80 Prozent aller rohen und rund die Hälfte der geschliffenen Diamanten wechseln hier, so heißt es, den Besitzer. Es ist ein Milliardengeschäft, das sich in aller Diskretion abspielt: Die Hoveniersstraat besteht aus aneinandergereihten Büroklötzen, in denen Diamantenbörsen, Industrieverbände, Ausbildungszentren, Banken und ein paar Geschäfte angesiedelt sind. Zwischendrin steht ein einziges hübsches Gebäude: eine alte Synagoge.
Als Dilip Mehta Anfang der Siebzigerjahre hierherkam, war der Handel mit den kostbaren Steinen noch fest in jüdischer Hand – und zwar schon seit dem 16. Jahrhundert. Weil jüdische Einwanderer im mittelalterlichen Flandern nicht in Handwerkszünfte eintreten und auch kein Land erwerben durften, entwickelten sie sich, der Not gehorchend, zu erfolgreichen Händlern – und verhalfen der verhältnismäßig liberalen Hafenstadt Antwerpen zu ihrem Status als Diamantendrehscheibe der Welt. Etwa 20 000 orthodoxe Juden leben heute noch in der zweitgrößten Stadt Belgiens.
Doch inzwischen sind es Dilip Mehta und seine Landsleute aus Indien, die bis zu drei Viertel der Antwerpener Diamantenindustrie kontrollieren. Er selbst gehört zu den erfolgreichsten Unternehmern: Er ist Mitbegründer und Patriarch des Familienunternehmens "Rosy Blue", das mehr als 5000 Mitarbeiter in 13 Ländern beschäftigt. Darüber, wer seine Kunden sind, schweigt er, nur so viel: "Man findet die meisten an der Place Vendôme in Paris." Dort haben Juweliere wie Cartier oder Van Cleef & Arpels ihren Sitz.
Aber wie kam es, dass die Inder dieses Geschäft von den jüdischen Händlern übernommen haben? "Wir haben viel von unseren jüdischen Kollegen gelernt", sagt Mehta. Er lächelt jetzt wieder und wiegt den Kopf hin und her. Als Inder, sagt Mehta, habe man zwei Wettbewerbsvorteile: "Große Familien. Und ein unerschöpfliches Potenzial an Arbeitskräften in Indien."
Am Anfang seien sie hier nur zu zweit gewesen, sagt er, "ein Cousin und ich. Wir kauften kleine, nicht besonders wertvolle Steine und gingen damit von Tür zu Tür". Er hatte sich weder Belgien noch seinen Beruf selbst ausgesucht. Sein Vater, sein älterer Bruder und ein Onkel hatten in den Sechzigerjahren in Bombay damit begonnen, antike Diamanten zu verkaufen. Als Indien später den Import von Rohdiamanten und den Export geschliffener Diamanten erlaubte, erkannten die Mehtas ihre Chance.

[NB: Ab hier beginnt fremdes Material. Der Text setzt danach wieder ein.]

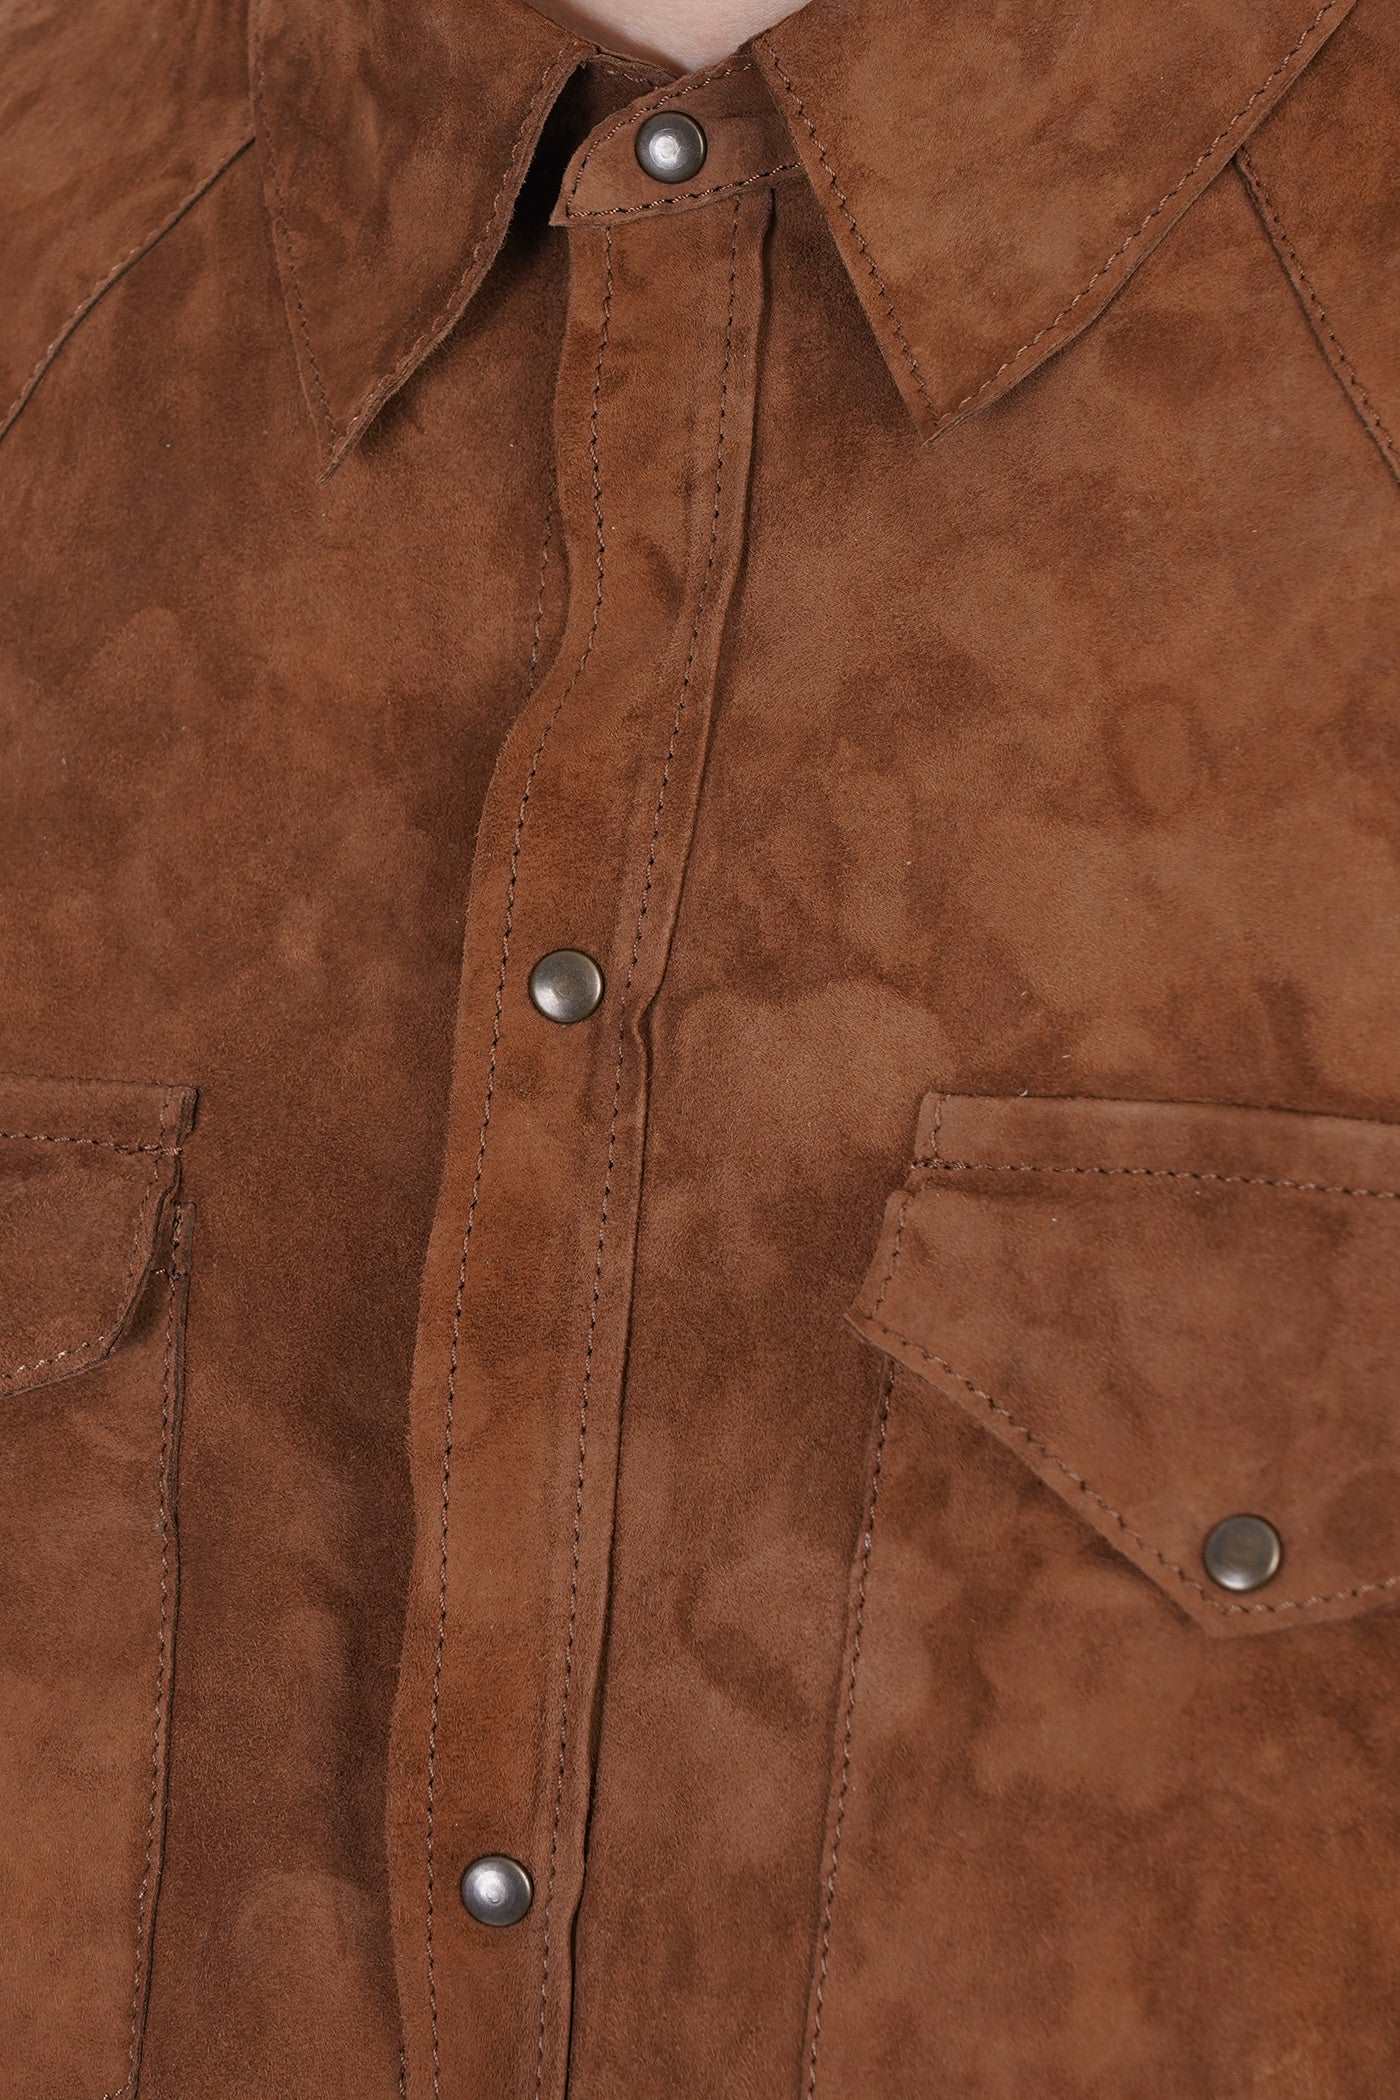 Men's Full Sleeve Suede Leather Shirt In Tan Brown
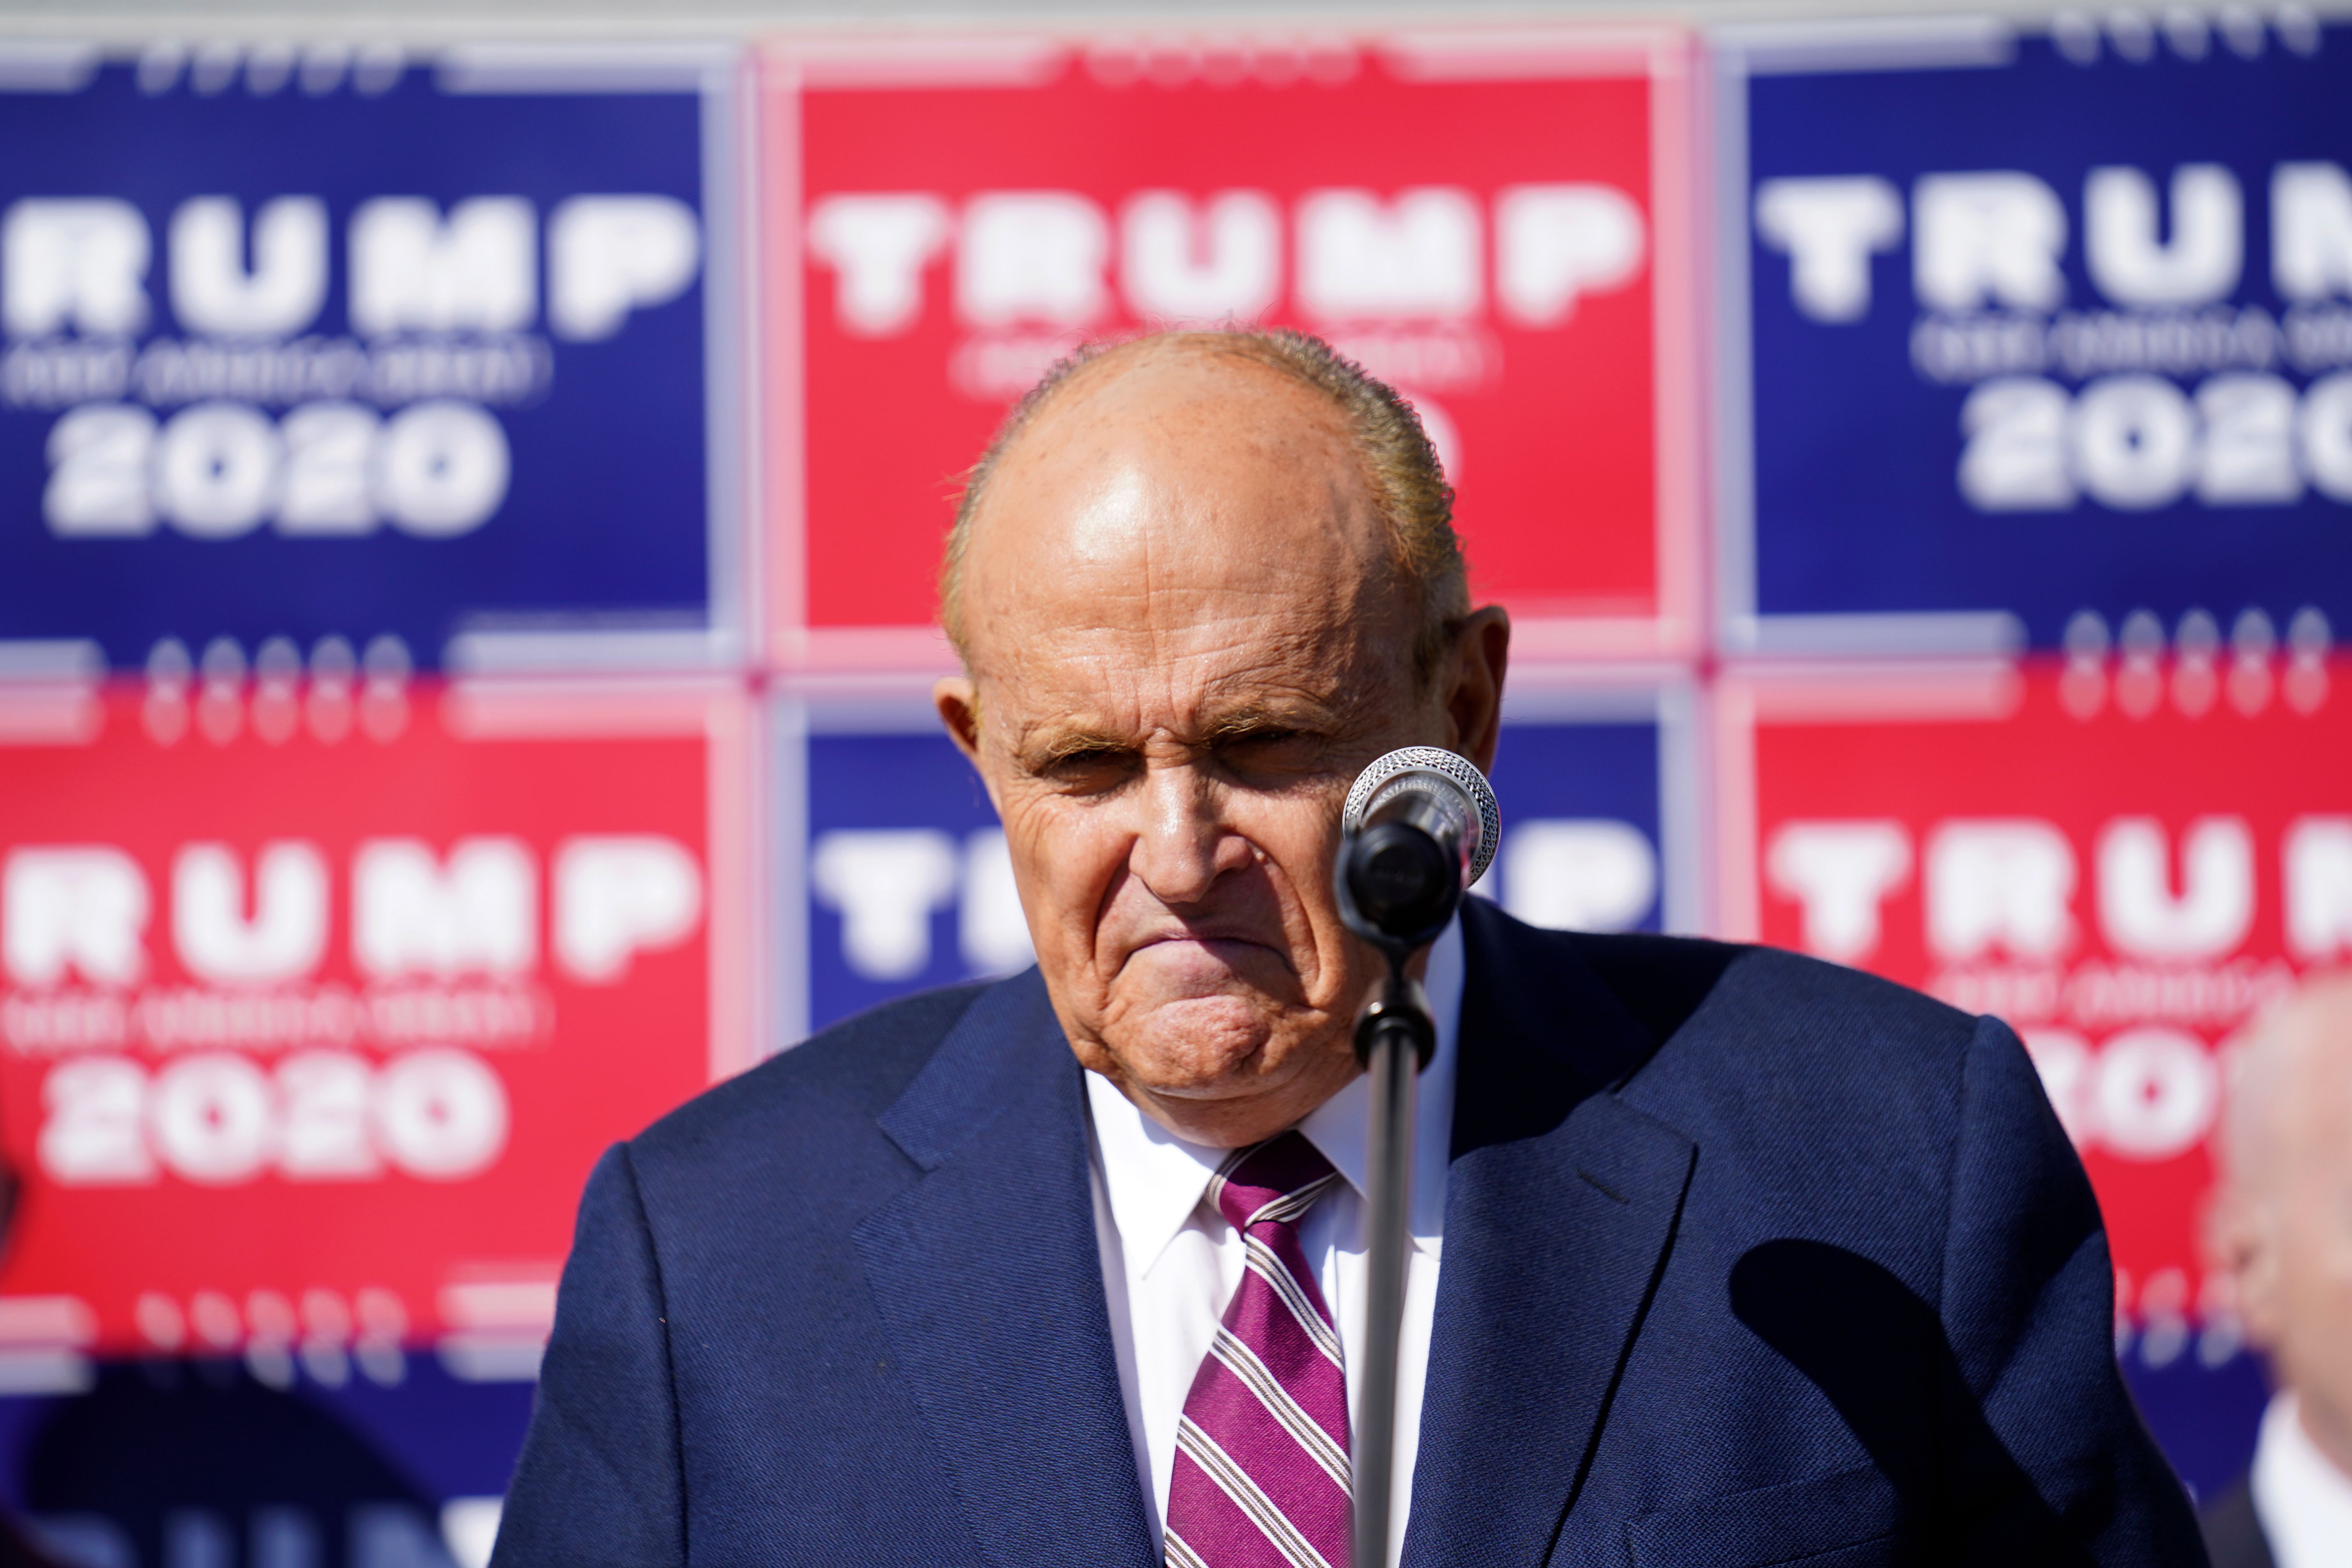 Rudy Giuliani said a civil rights case was being filed in federal court

Nachdem Dilip von der Schule geflogen war, wurde er von seiner Familie nach Surat geschickt, damals ein aufstrebendes Zentrum für Diamantenschleifer, heute eine Millionenstadt, in der etwa 90 Prozent aller Rohdiamanten geschliffen werden. Dort lernte er das Handwerk, fünf Jahre lang, dann wurde er nach Antwerpen entsandt, ins Zentrum des globalen Diamantengeschäfts.
Er kaufte Rohdiamanten, schickte sie zum kostengünstigen Schleifen nach Indien und verkaufte sie anschließend wieder. "Am Anfang gab es außer uns etwa 15, 20 indische Händlerfamilien", erinnert er sich. "Dann wurden es immer mehr." Die Zahl der Diamantenschleifer in Antwerpen schrumpfte von 30 000 auf einige Hundert. In Indien wuchs sie von einigen Hundert auf geschätzte 800 000 an.
Das Geschäft der Mehtas wuchs und wuchs. Eines Tages, im Jahr 2006, kam ein Anruf aus dem Königspalast: König Albert II. sei sehr angetan davon, was er, Dilip Mehta, für die belgische Wirtschaft leiste. Der König habe deshalb beschlossen, ihn zum Baron zu adeln. "Ich bin in Tränen ausgebrochen", erzählt Mehta, "ich hatte ja keine Ahnung, wie das mit solchen Titeln funktioniert."
Aber die Globalisierung, die indische Händler wie ihn nach Antwerpen gebracht hat, hört ja nicht auf, sie geht immer weiter. Das Diamantengeschäft verlagert sich gerade gen Osten, neue Märkte tun sich auf, etwa in China. Dilip Mehta ist nur noch gelegentlich in Antwerpen anzutreffen. Er verbringt nun mehr Zeit in Dubai, das irgendwann das neue Antwerpen werden könnte – er hat auch seine Söhne, die das Geschäft weiterführen sollen, nach Dubai beordert.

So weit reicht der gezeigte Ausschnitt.